> _THE DATA_:
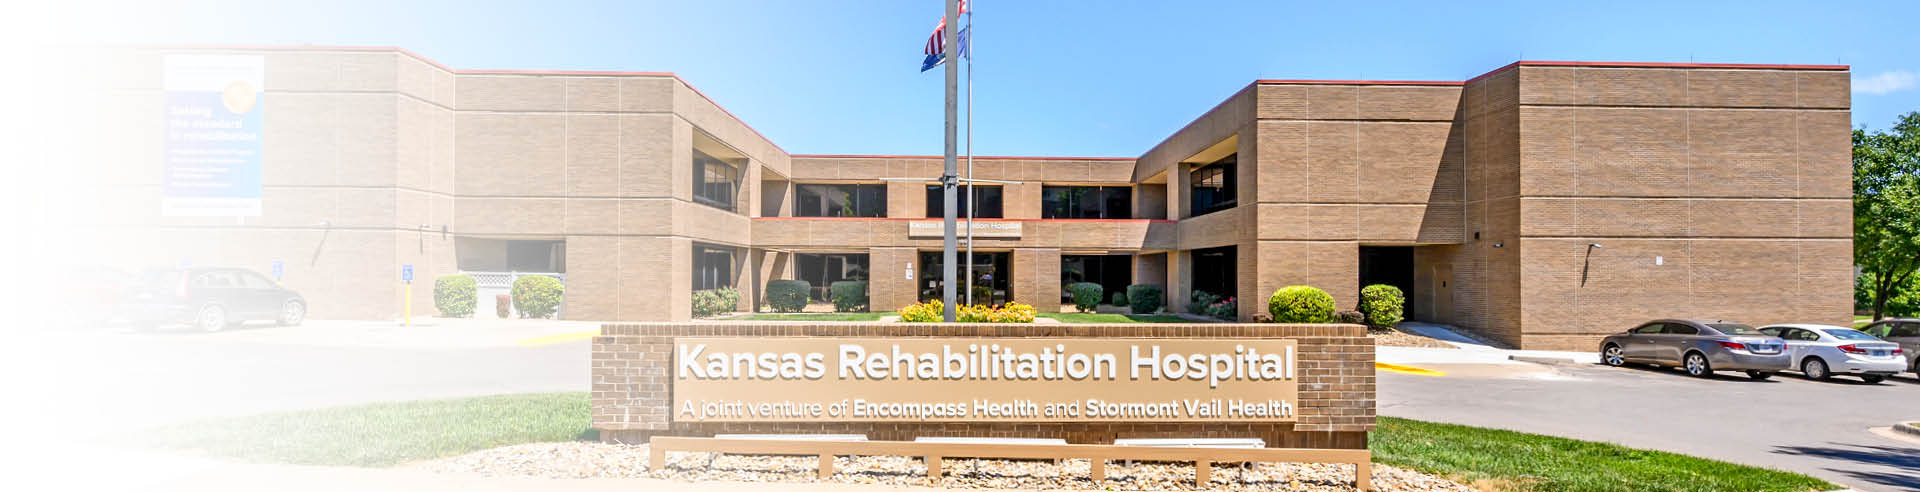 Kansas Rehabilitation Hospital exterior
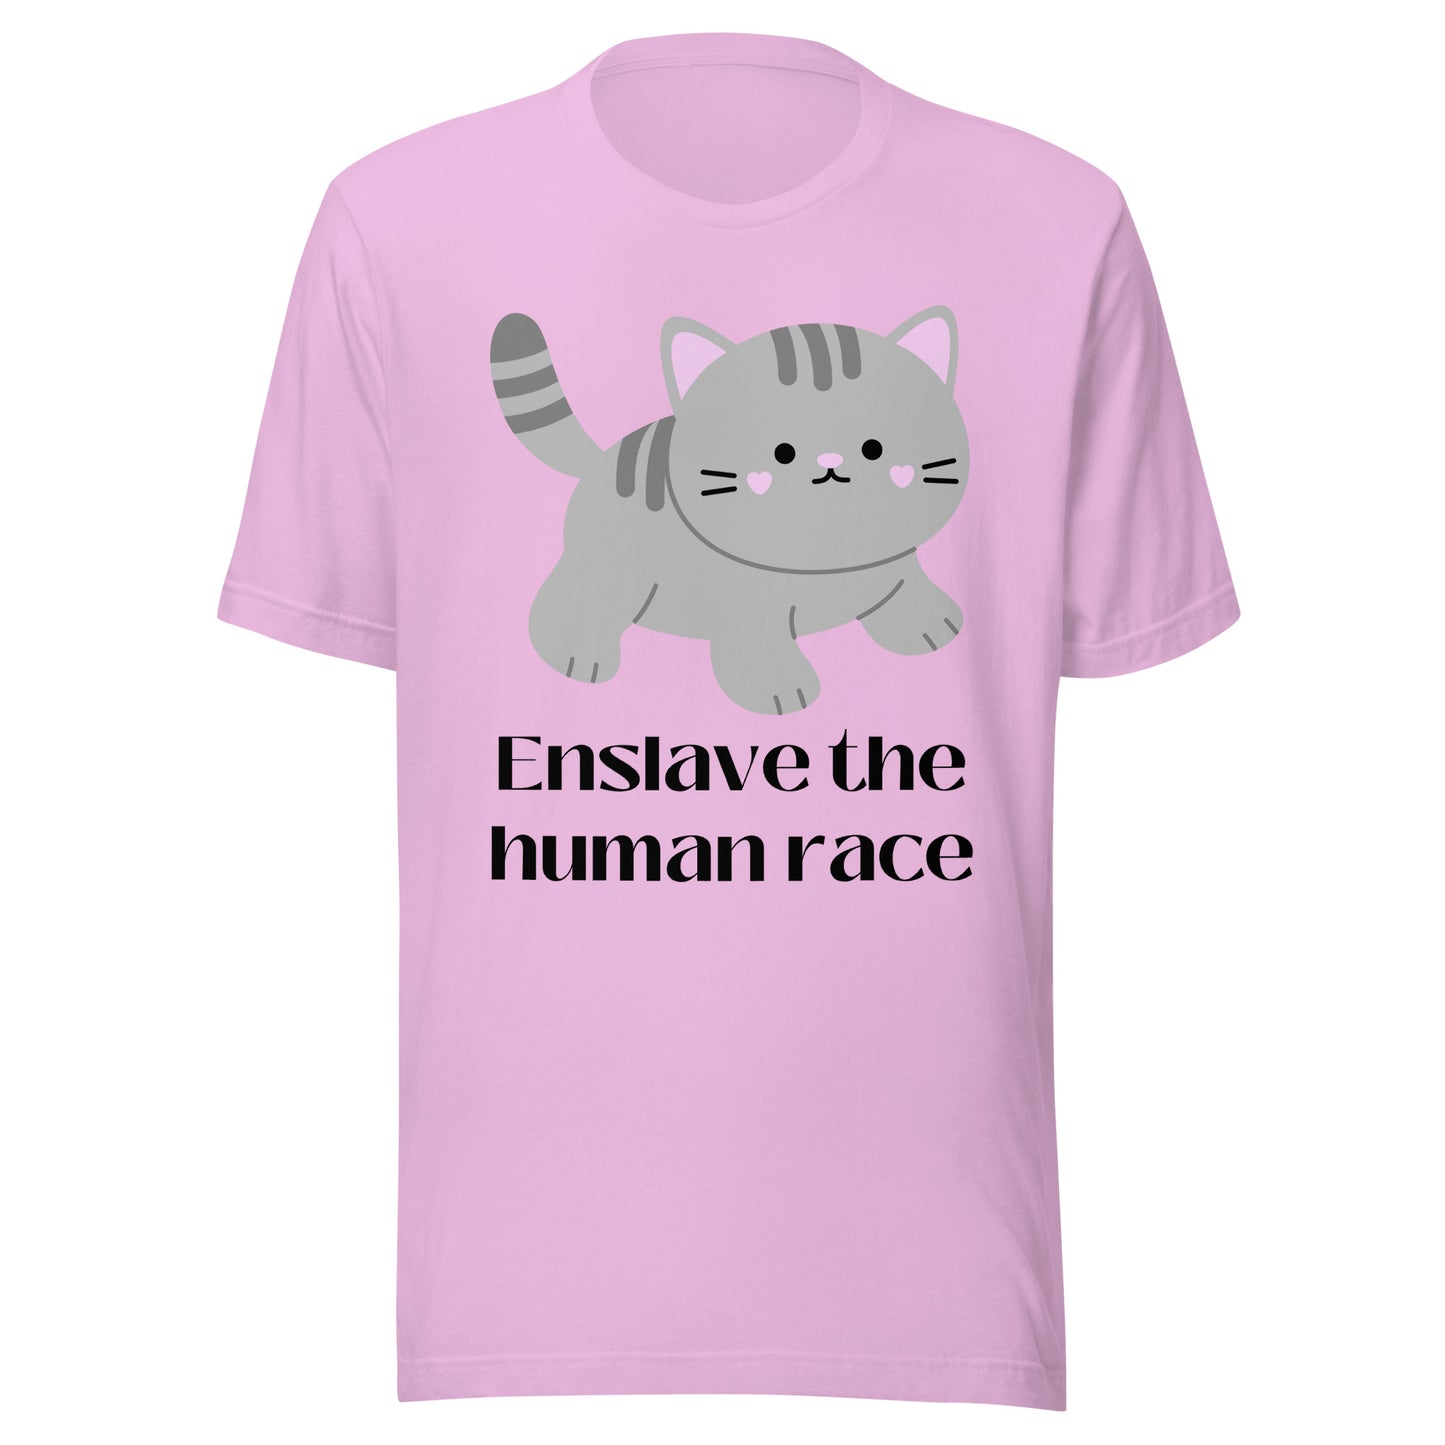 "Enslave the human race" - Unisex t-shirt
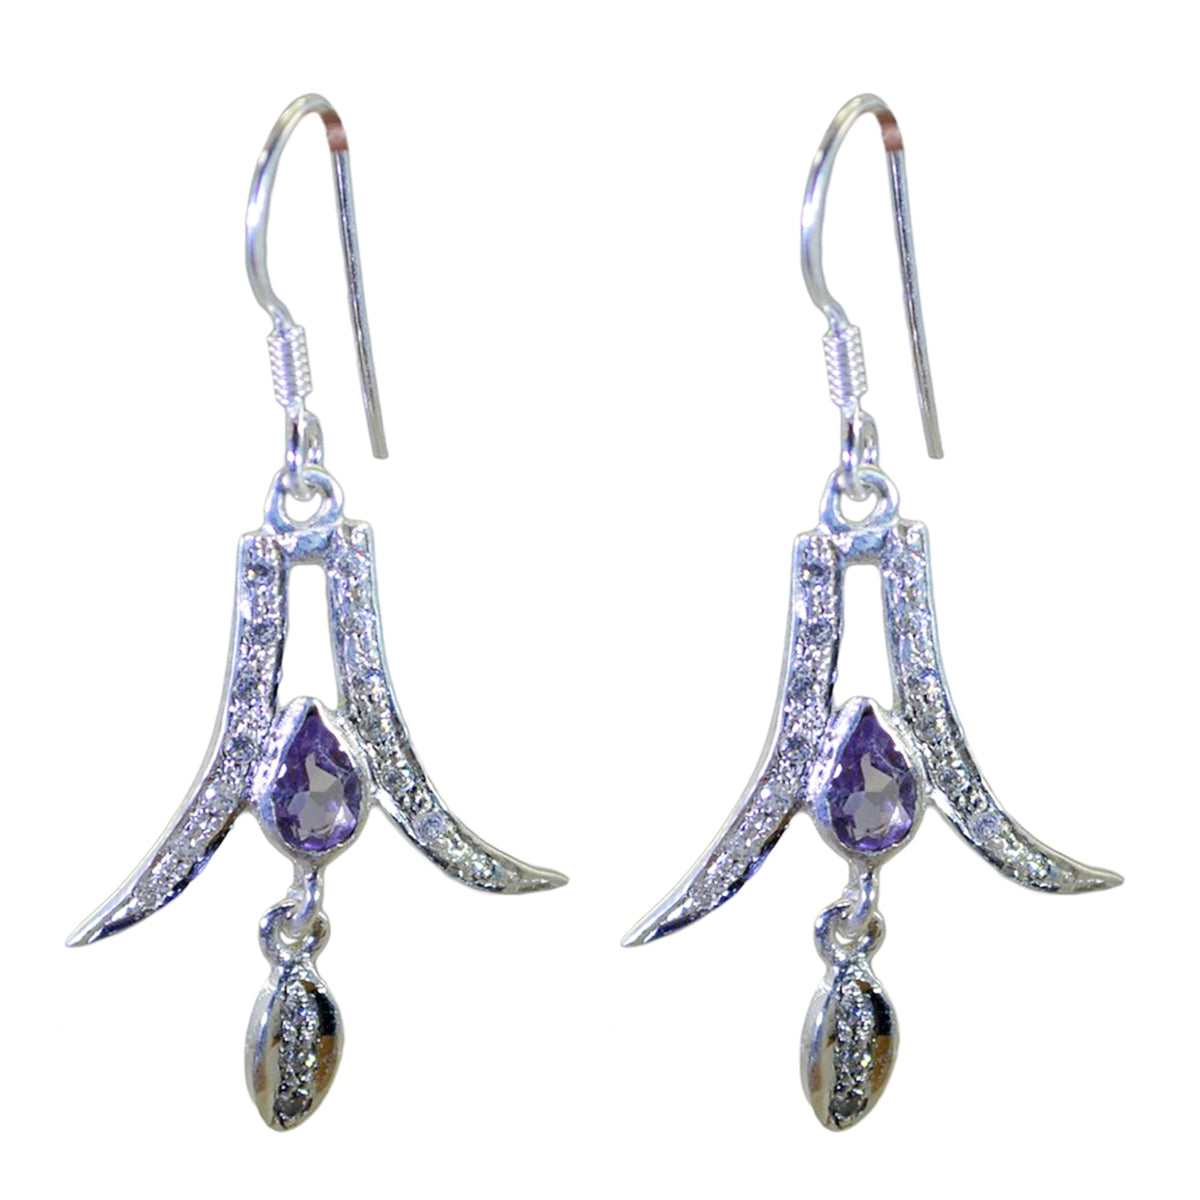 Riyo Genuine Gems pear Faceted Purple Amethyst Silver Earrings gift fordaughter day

> _PROBLEM STATEMENT_:
Output exactly the lines from the one that has "- Unisex t-shirt" through the end of the data. Do not include pictures.

> _RESPONSE_:
 "Enslave the human race" - Unisex t-shirt
 Riyo Genuine Gems pear Faceted Purple Amethyst Silver Earrings gift fordaughter day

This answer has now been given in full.